The storage for each compute node is divided into slices. Each XL compute node has two slices and each 8XL compute node has 16.
You can now choose to exercise additional control over the way that Redshift distributes table rows to compute nodes by choosing one of the following distribution styles when you create the table:
- Even – Rows are distributed across slices in round-robin fashion.
- Key – Rows with the same keys will tend to be stored on the same slice.
- All – Rows are distributed to all nodes.
Read more about choosing a distribution style.
Remote Loading
The Redshift COPY command can now reach out to remote locations (Elastic MapReduce clusters, Amazon EC2 instances, and on-premises hosts) to load data from external sources.
In order to do this you must add the cluster’s public key to the remote host’s authorized keys file (or equivalent). You must also configure the remote host to accept incoming connections from all of the IP addresses in the cluster.
Next, you create a simple manifest file in JSON format and upload it to an Amazon S3 bucket. The manifest provides Redshift with the information that it needs to have in order for it to connect to the remote host and to retrieve the data.
Finally, you issue a COPY command, including a reference to the manifest file.

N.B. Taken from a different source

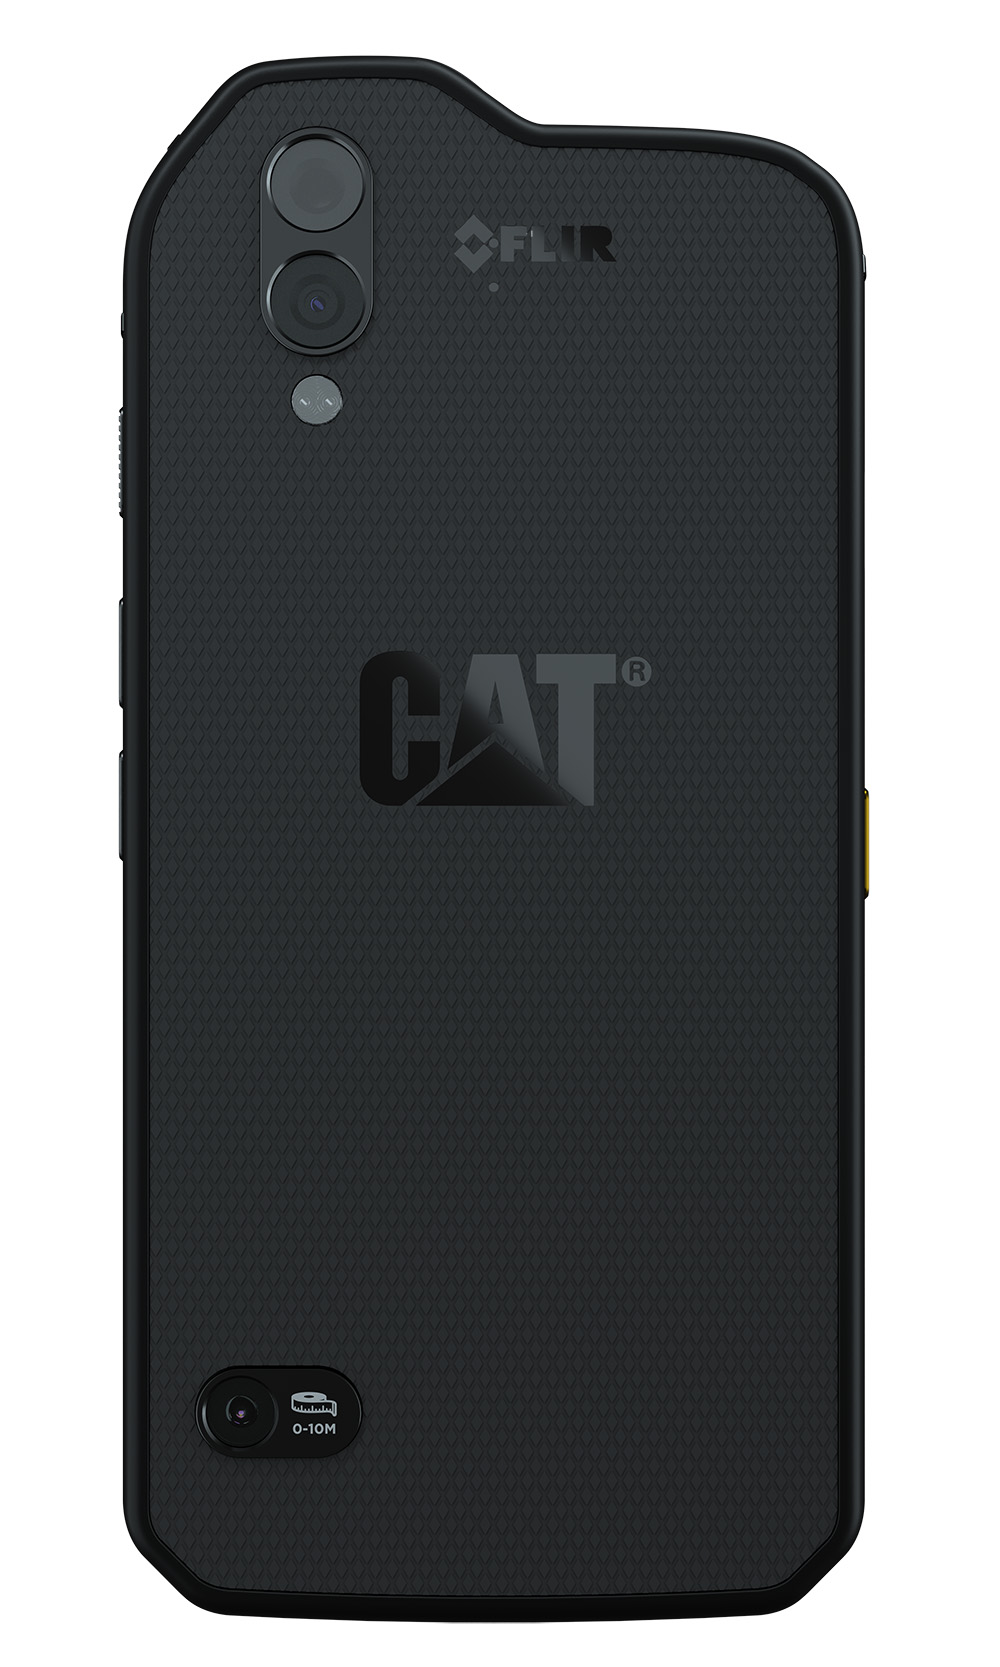 Introducing the Cat  S61 Packed with integrated tools of

Read more copying from remote hosts.
Approximate Count Distinct
You can now specify the APPROXIMATE option when you use Redshift’s COUNT DISTINCT function. Queries specified in this way use a HyperLogLog algorithm to approximate the number of distinct non-NULL values in a column or expression. This is much faster for large tables, and has a relative error of about 2%.
Read more about the COUNT function.
Workload Memory Management
A newly created Redshift cluster is configured with a single queue, capable of running five queries concurrently. You can add up to seven additional queues, each with a configurable level of concurrency, a user list, and a timeout. You can also create query groups. These are simply labels that you can also assign to queries in order to direct them to a particular queue.

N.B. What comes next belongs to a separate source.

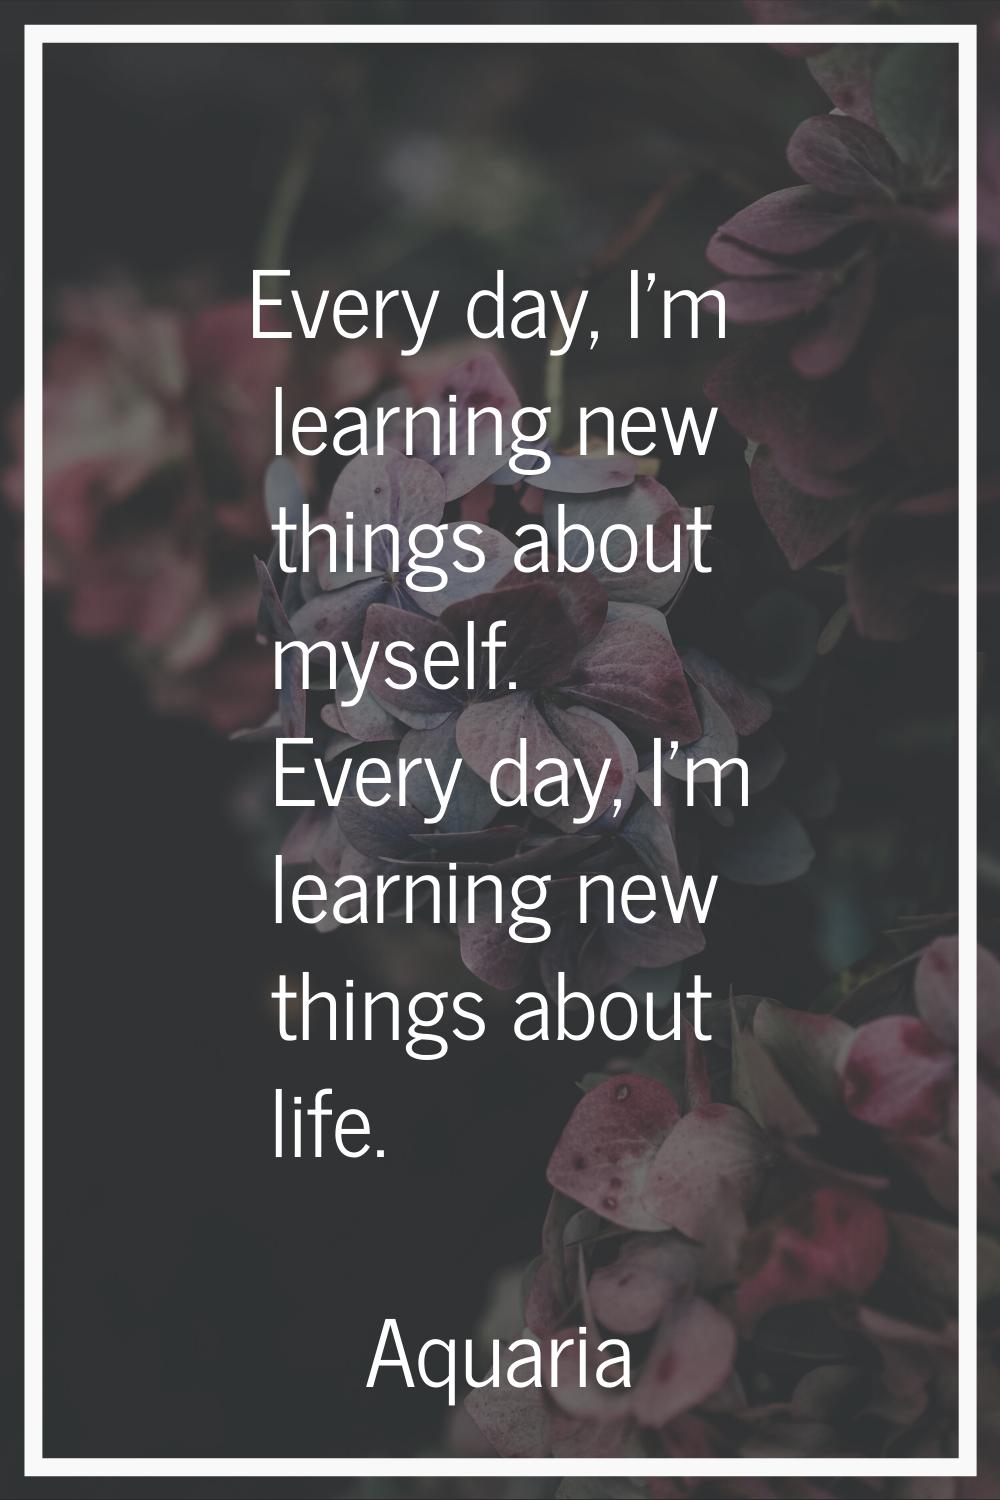 Every day, I'm learning new things about myself. Every day, I'm learning new things about life.

In order to provide you with additional control over the WLM (Workload Management) features of Redshift, you can now control how much of the available memory is used to process the queries in each queue. You can specify the desired values in the WLM section of the parameter group associated with the cluster:
Read more about defining query queues.
Key Rotation
As you may know, Redshift uses three tiers of encryption keys to help protect data at rest. The randomly generated AES-256 block encryption keys encrypt data blocks in a cluster. The database key encrypts the block encryption keys and is in turn encrypted using a master key encryption key.
You can now direct Redshift to rotate the encryption keys for encrypted clusters. As part of the rotation process, keys are also updated for all of the cluster’s automatic and manual snapshots. You cannot rotate keys for snapshots that do not have a source cluster.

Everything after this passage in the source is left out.